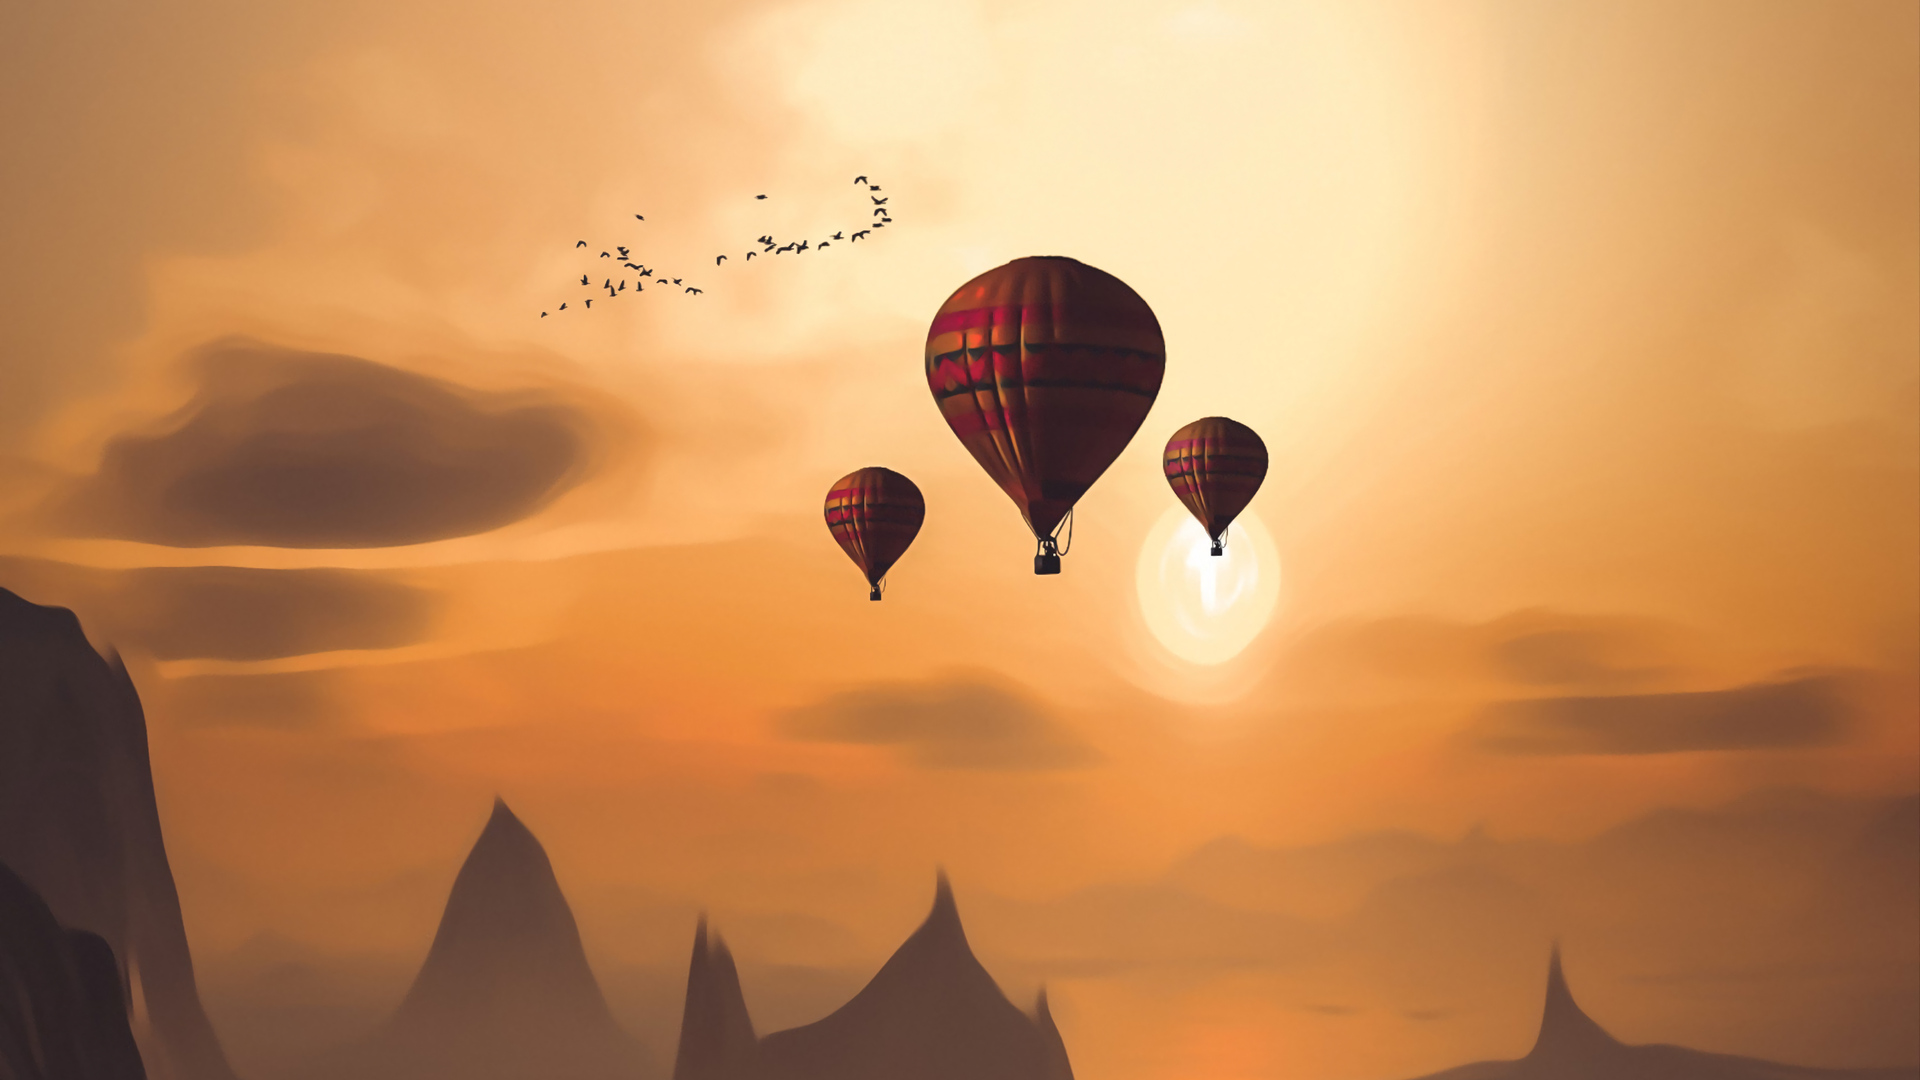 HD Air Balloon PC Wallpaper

..............................

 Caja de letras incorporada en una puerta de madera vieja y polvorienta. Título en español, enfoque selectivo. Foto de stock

..............................

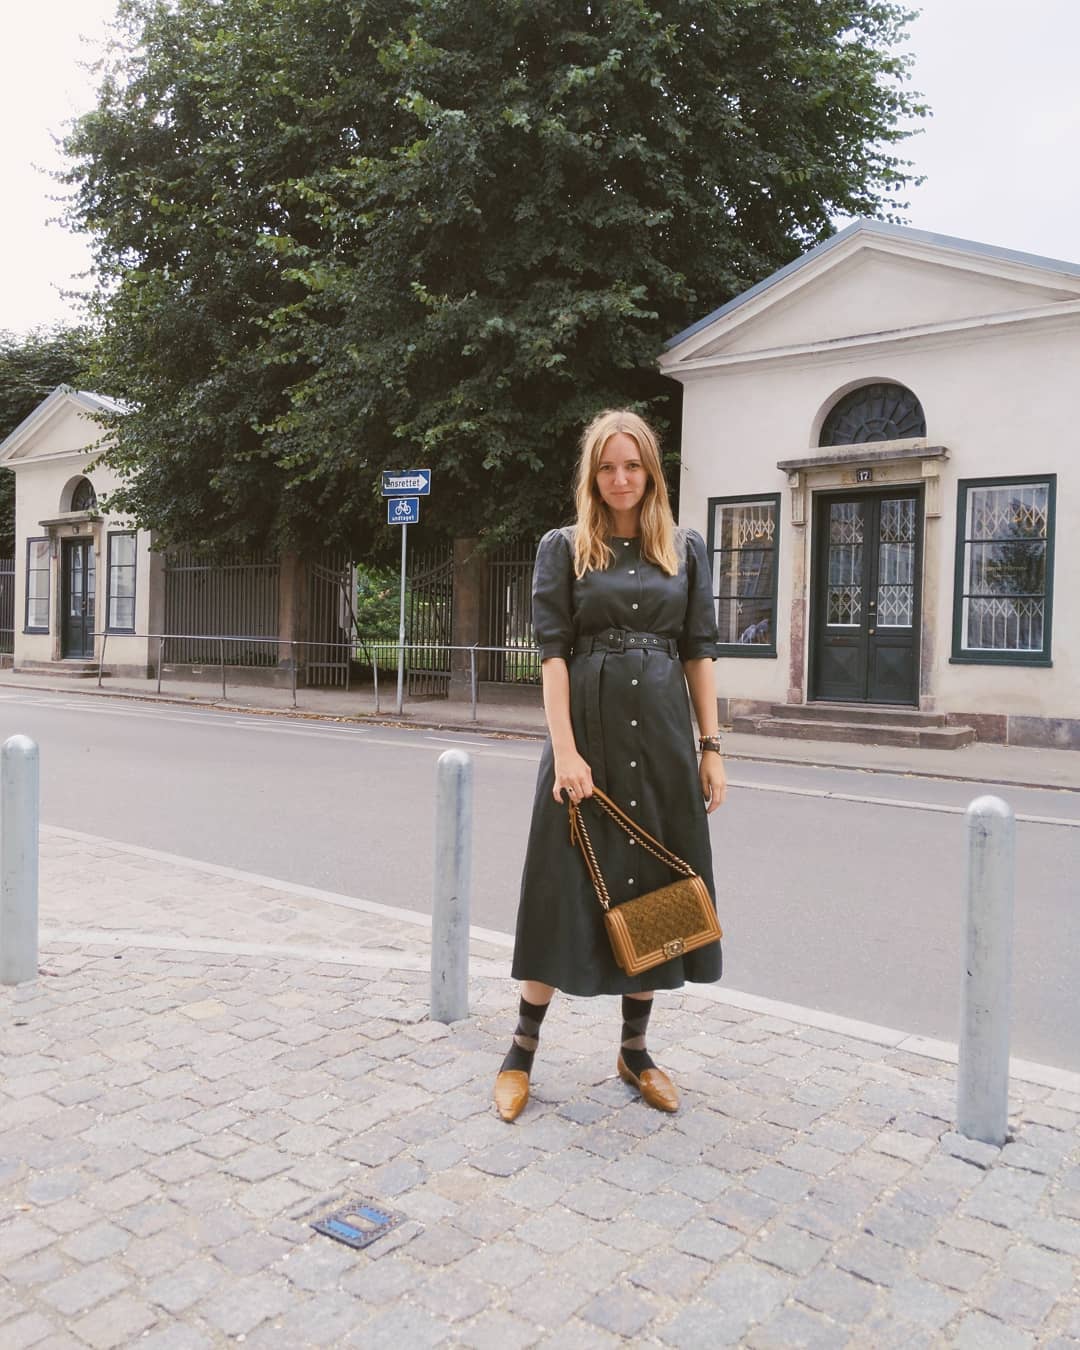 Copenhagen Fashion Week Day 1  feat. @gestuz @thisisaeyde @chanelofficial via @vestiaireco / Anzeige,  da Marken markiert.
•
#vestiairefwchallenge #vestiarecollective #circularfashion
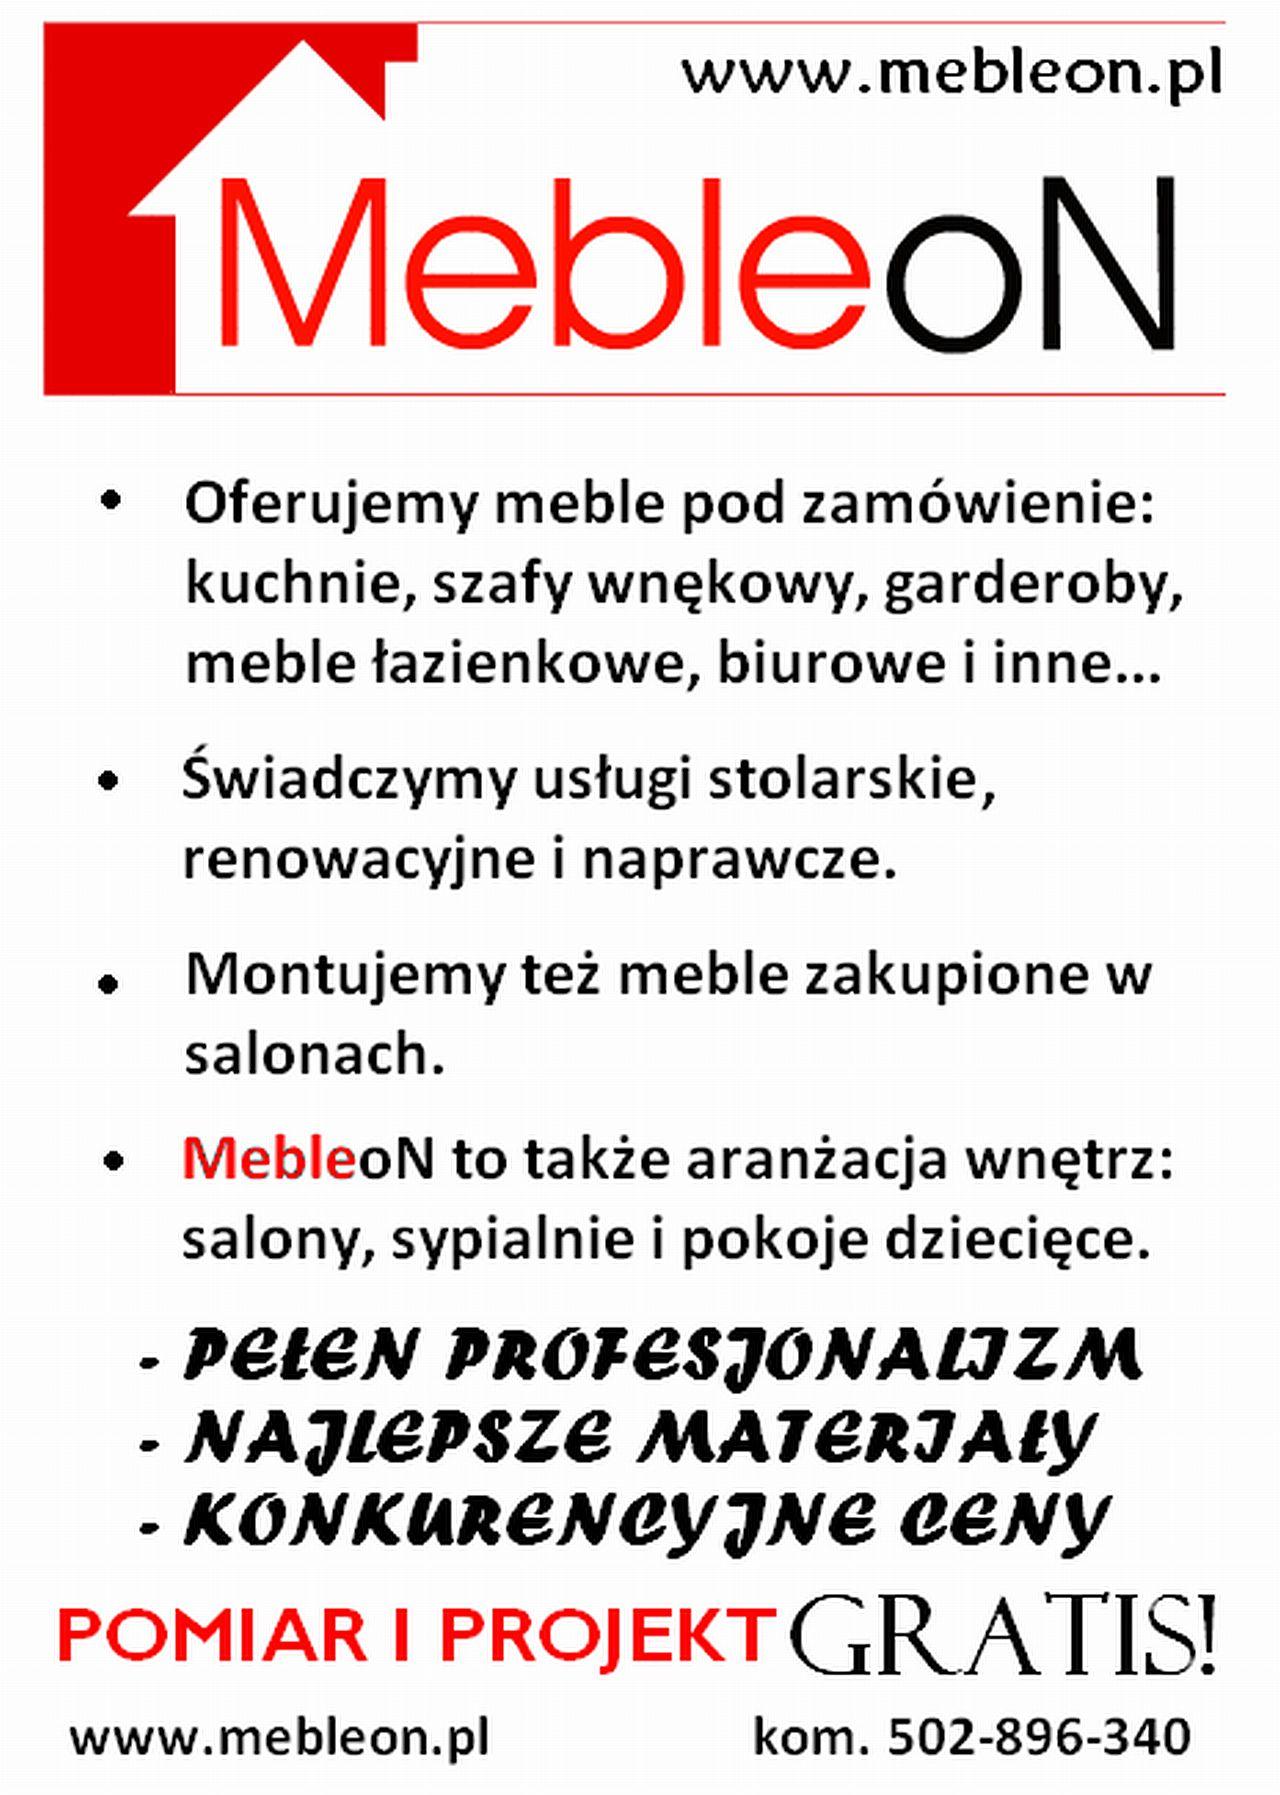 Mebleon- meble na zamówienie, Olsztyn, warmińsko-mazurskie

..............................

_Required work_: Return, exactly as they stand, the lines above from the one with "Copenhagen Fashion Week" to the one with "Mebleon- meble na", omitting any pictures among them.

_Completed exercise_:
 Copenhagen Fashion Week Day 1  feat. @gestuz @thisisaeyde @chanelofficial via @vestiaireco / Anzeige,  da Marken markiert.
•
#vestiairefwchallenge #vestiarecollective #circularfashion
 Mebleon- meble na zamówienie, Olsztyn, warmińsko-mazurskie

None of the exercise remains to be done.